Une interview de Robbert Dijkgraaf et Brian Greene pour RDT Info. Ca parle de belle physique en terme simple et intelligent.
La mécanique quantique décrit le monde de l'infiniment petit, rendant compte des interactions très singulières agissant au niveau des particules. La théorie de la relativité générale établie par Einstein s'applique à l'infiniment grand. Elle unifie l'espace et le temps en une seule entité (l'espace-temps) dont la déformation explique la gravitation universelle entre les grands objets galactiques et stellaires de l'Univers. Le défi majeur de la physique actuelle est de jeter un pont entre ces deux approches et de formuler une nouvelle théorie unifiée – à laquelle les scientifiques ont déjà attribué l'appellation fusionnée de "gravité quantique".
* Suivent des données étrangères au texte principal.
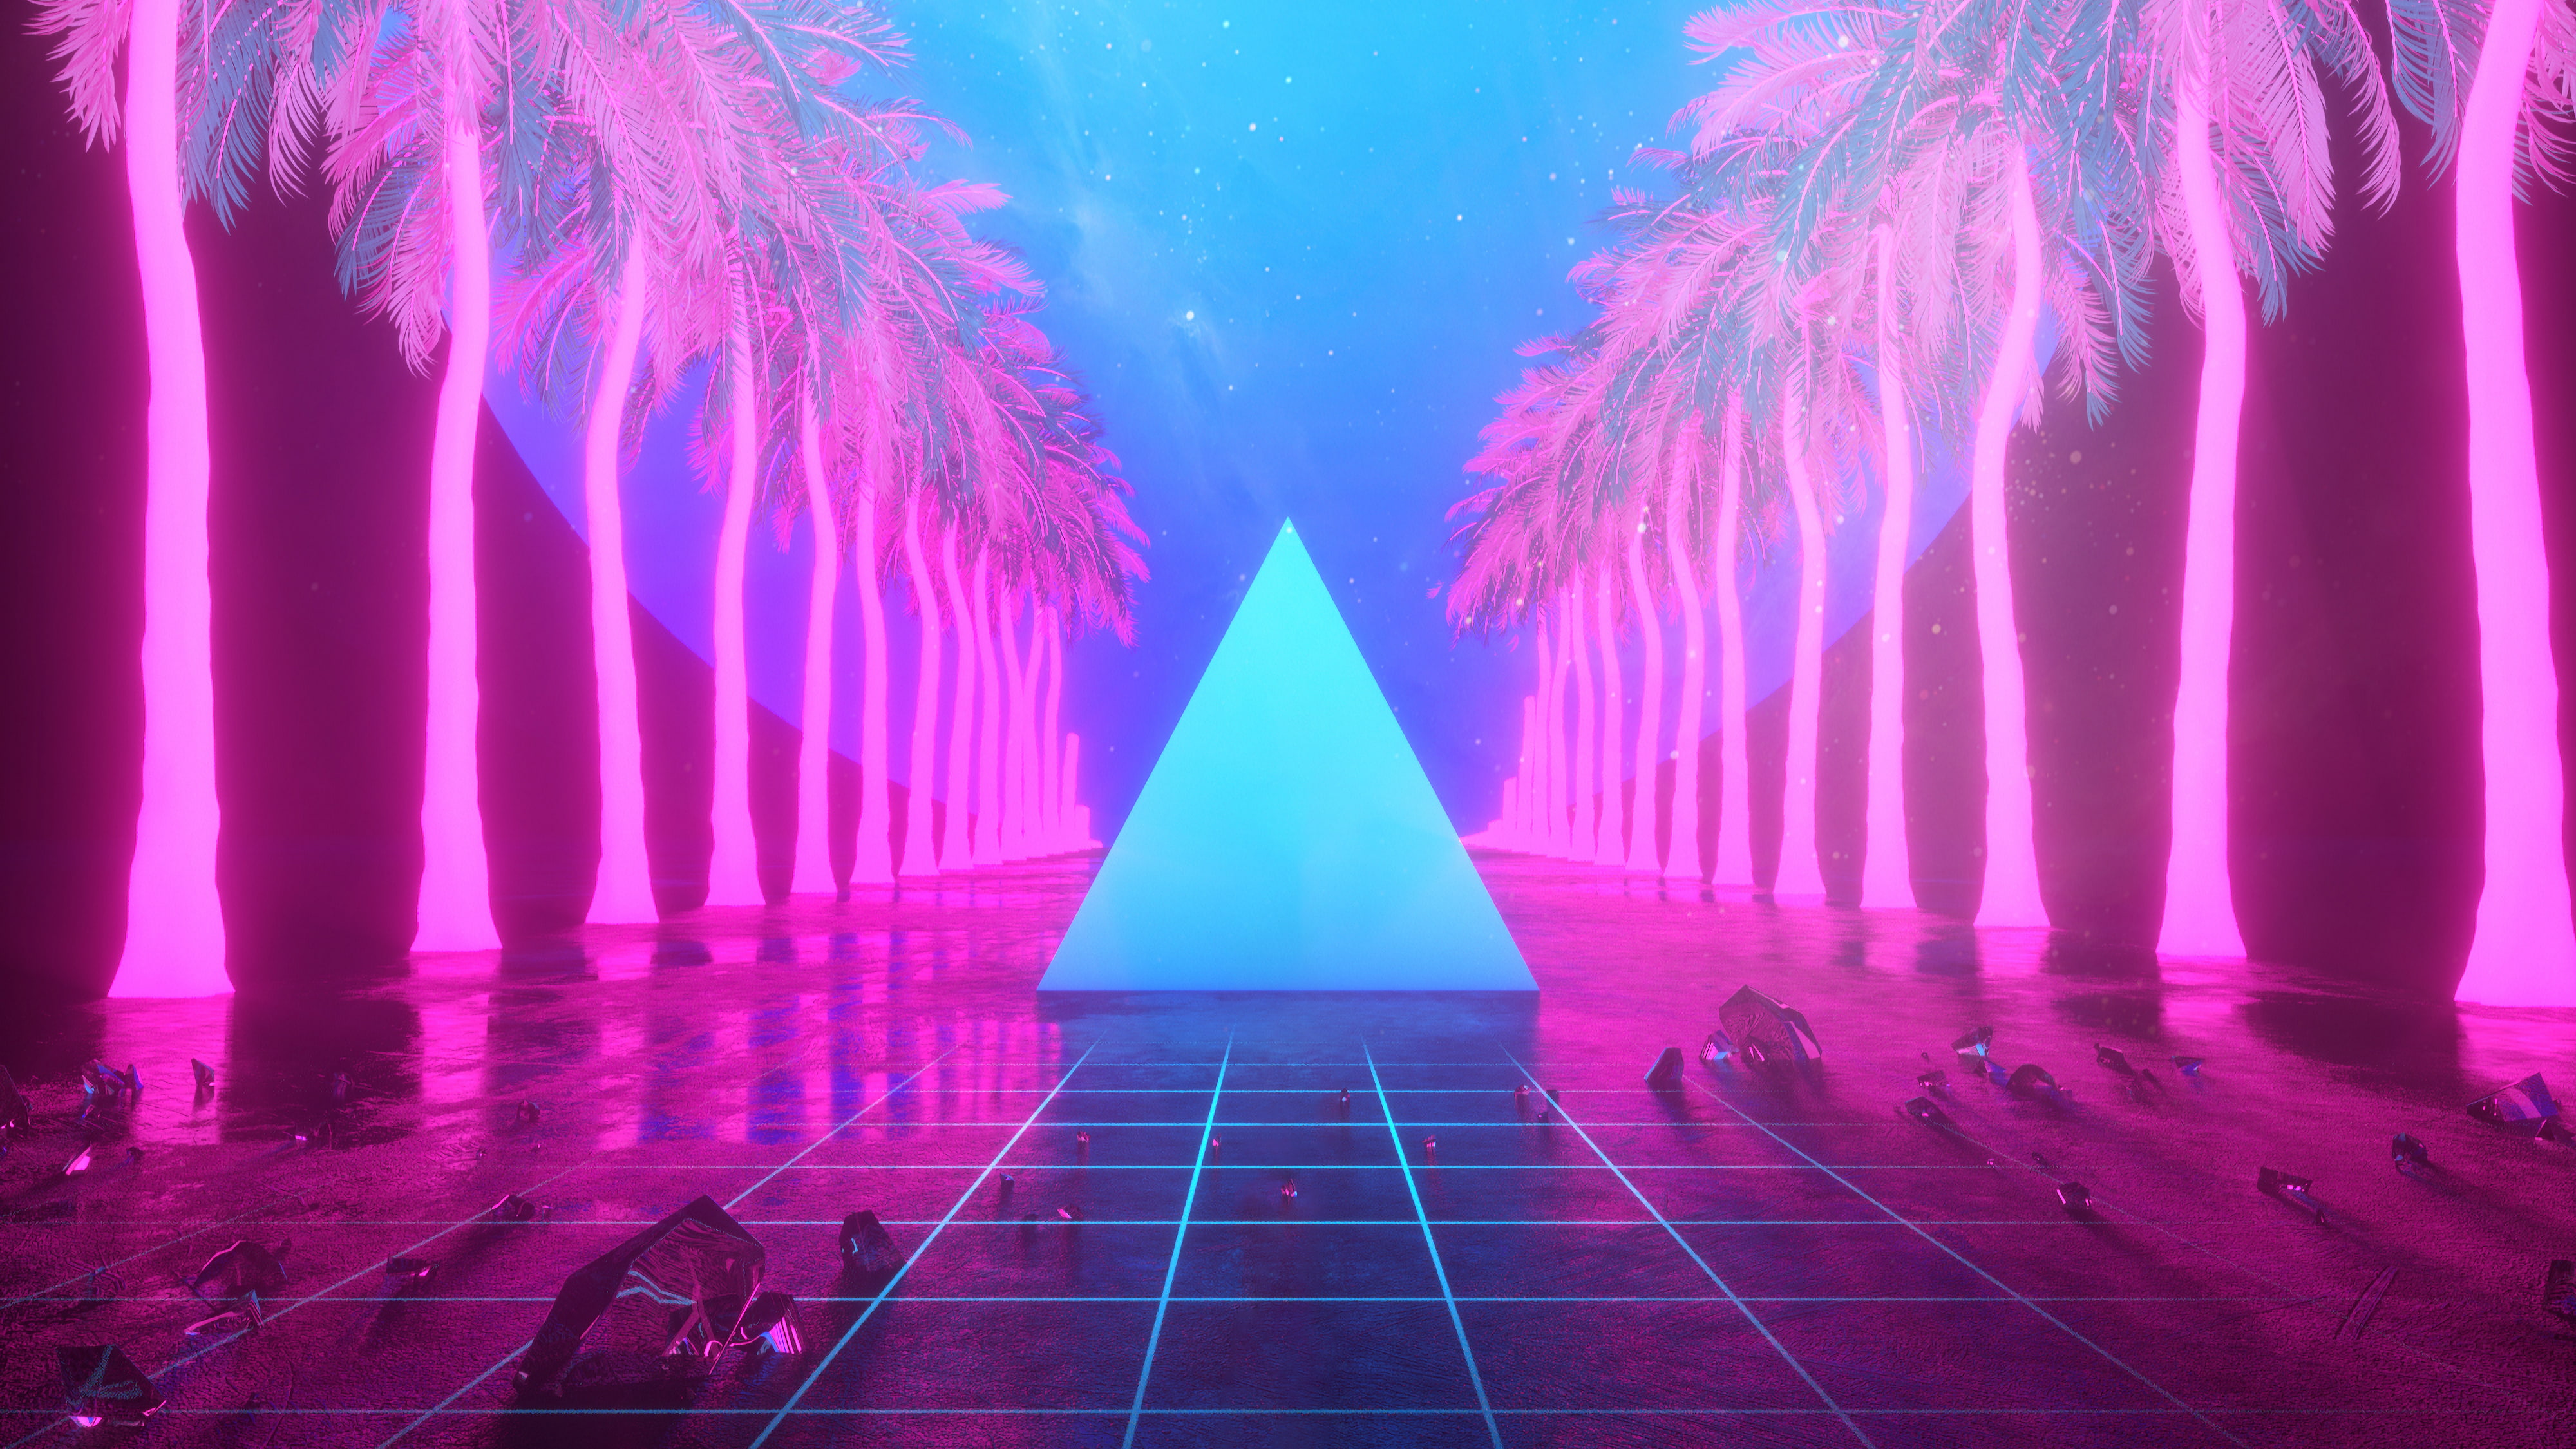 Retro style, vaporwave, abstract, palm trees, pyramid, post post-modernism

Initié au cours des années 70', le développement de l'approche mathématique des "cordes" suscite un immense espoir de réussir ce pari. Explications de Robbert Dijkgraaf, professeur à l'université d'Amsterdam (NL) et de Brian Greene, professeur à l'université de Columbia (USA), deux acteurs du Conseil Solvay, orateurs de la Conférence publique de clôture de ce sommet scientifique.



Pourquoi la physique contemporaine est-elle à ce point "obsédée" par ce Graal de la gravité quantique?
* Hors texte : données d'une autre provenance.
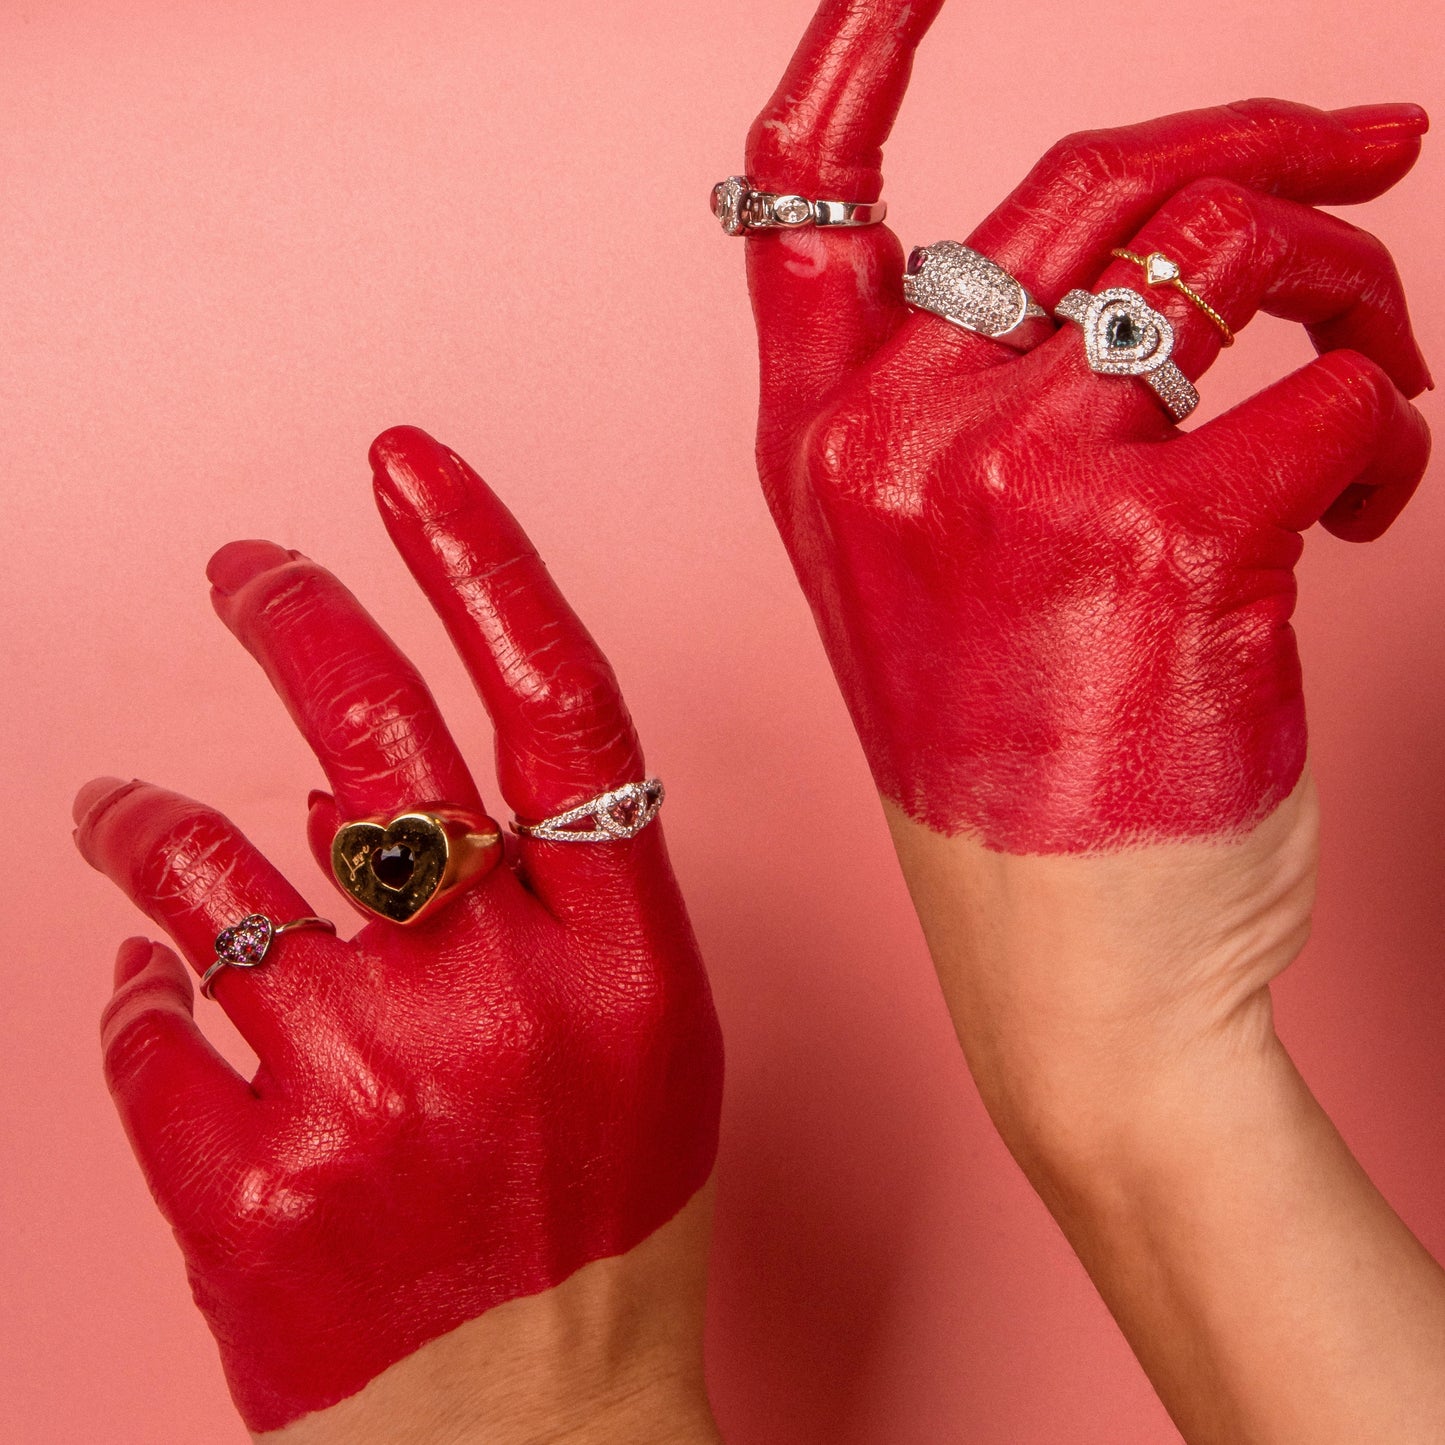 Hand with red paint wearing multiple rings

Robbert Dijkgraaf: Parce que la dualité entre les deux approches, quantique et gravitationnelle, que nous a léguée le XXème siècle, apparaît comme intenable. La Nature n'est pas scindée en deux et l'on ne peut plus se contenter de la décrire avec deux théories distinctes – l'une valable aux petites échelles, l'autre aux grandes – qui ne se parlent pas. Si nous ne dépassons pas cette contradiction, nous ne pouvons plus avancer dans notre compréhension de l'Univers, du Big Bang initial et des particules élémentaires qui en ont jailli.
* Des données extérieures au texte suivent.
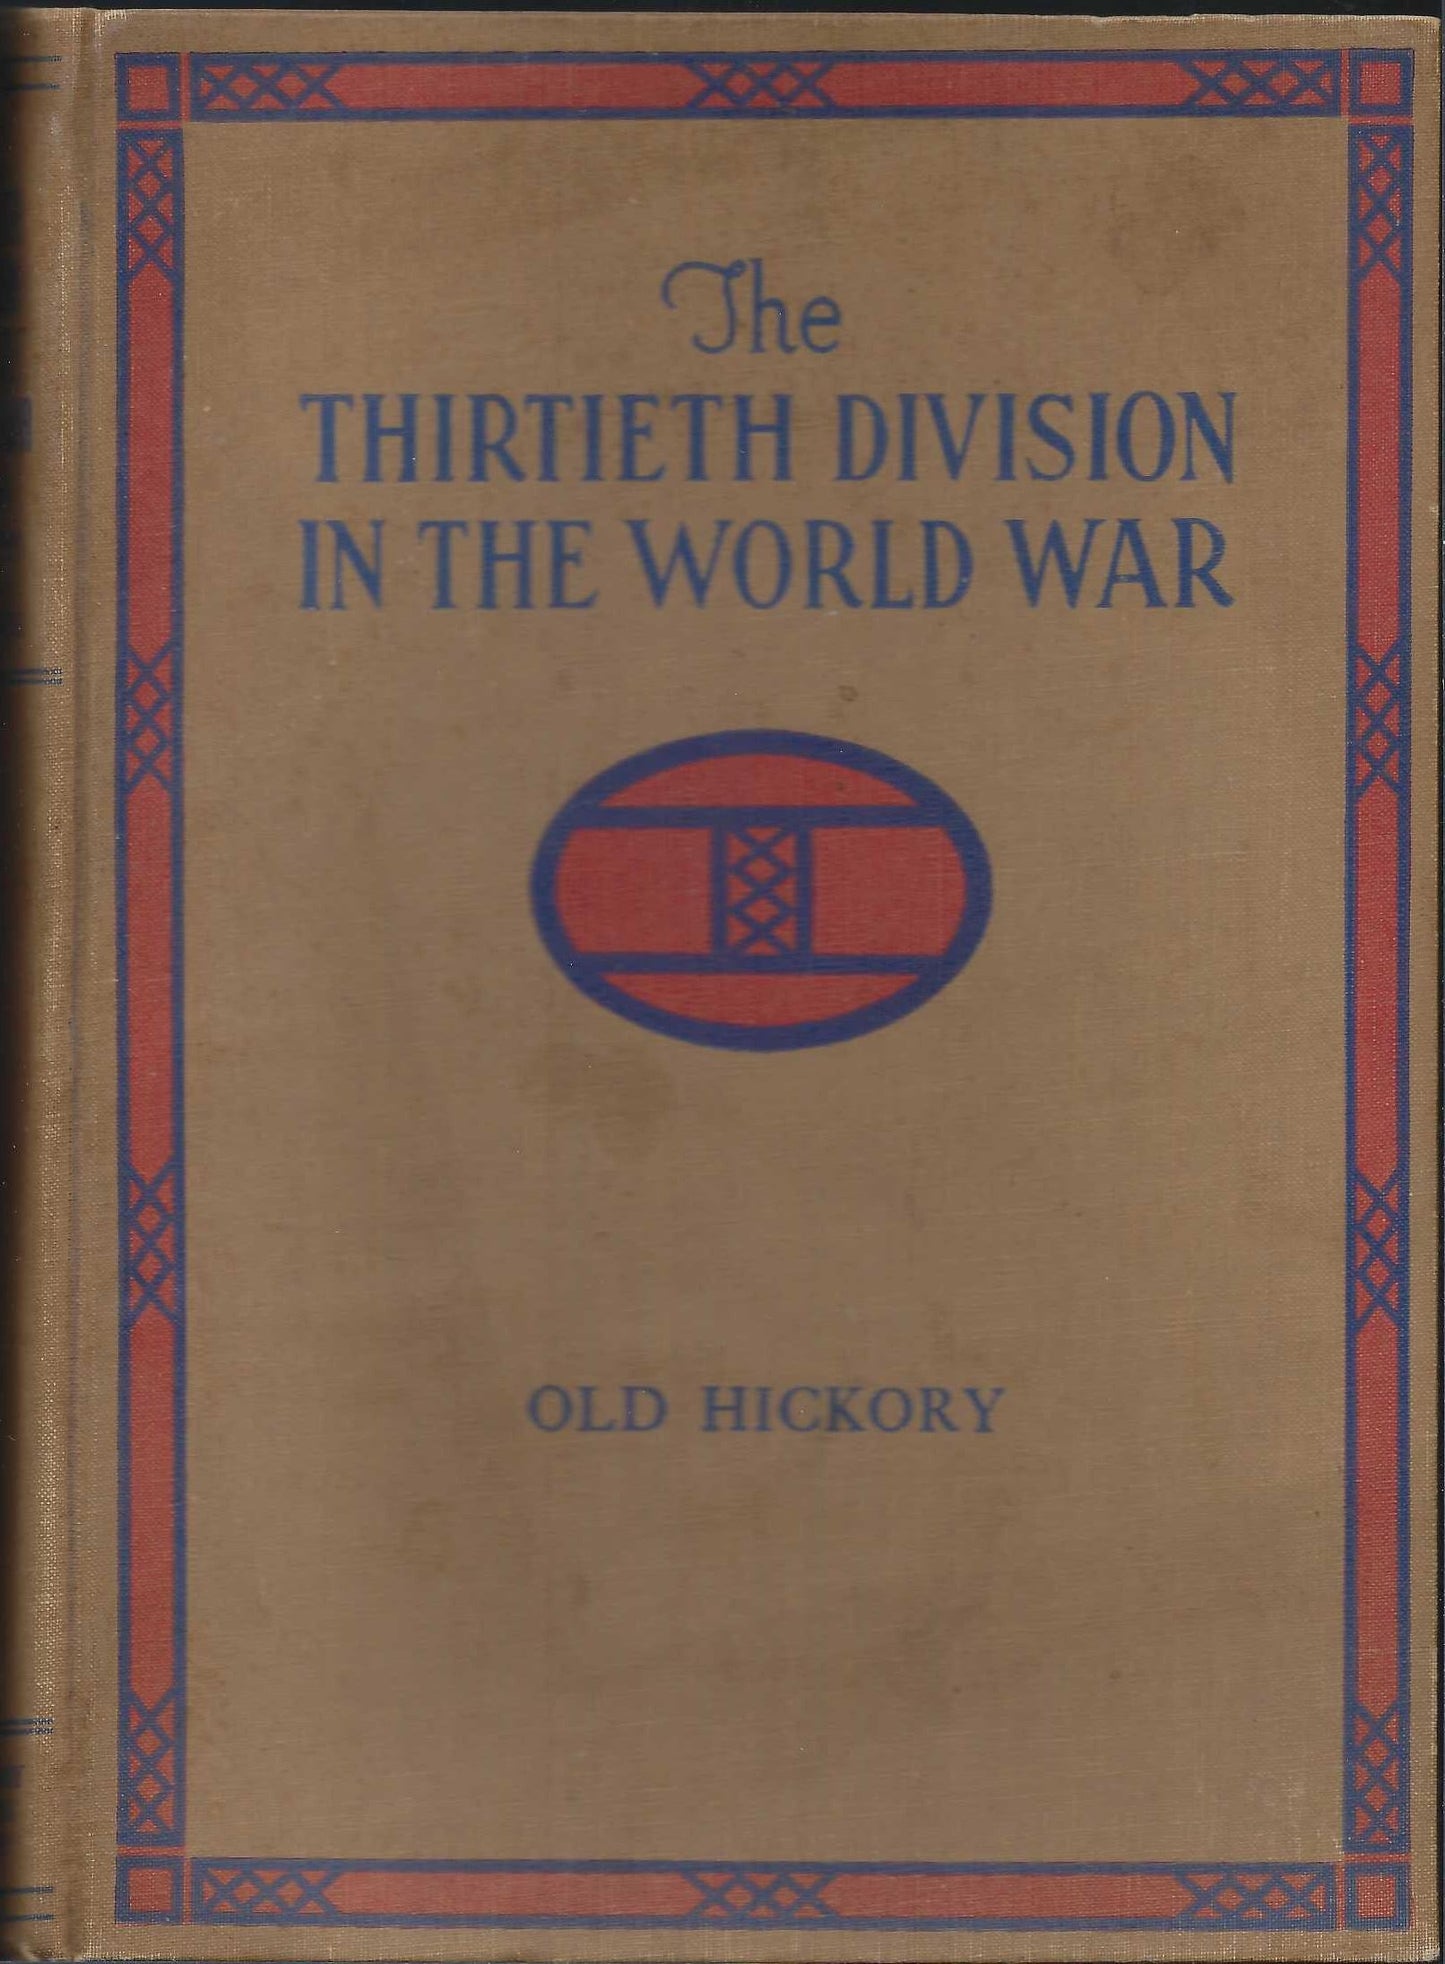 Thirtieth Division in the World War cover

Brian Greene: J'ajouterai qu'il n'y a pas de frontière claire, traçant la fin de ce qui est "petit" et l'entrée dans le domaine du "grand". Cette impossibilité de démarcation est, par nature, le moteur de cette impérieuse nécessité de formuler ce nouveau cadre d'une théorie de la gravité quantique.



Parmi toutes les approches pouvant fonder ce challenge d'unification, la théorie des cordes semble la plus prometteuse. Quels en sont les principes?



R.D.: La théorie des cordes repose sur le fait que, dans le monde quantique, les choses sont "floues". Qu'est-ce que cela signifie? Imaginons que l'on "zoome" de plus en plus sur une photo. A un certain moment, on ne verra plus une image mais seulement des "entités" imprécises – noires, blanches ou colorées –, analogues à ce que les technologies numériques désignent sous le nom de pixels.


Ainsi, pour combiner la théorie de la relativité générale (décrivant l'espace et le temps) avec le principe quantique (selon lequel les choses deviennent floues aux très petites échelles), il est beaucoup plus réaliste de ne pas considérer les particules comme des points parfaitement définis. La théorie des cordes permet de rendre compte de leur nature intrinsèquement floue en les décrivant comme des sortes de petites cordes (des objets à une dimension) au lieu de points parfaits (des objets à "zéro dimension").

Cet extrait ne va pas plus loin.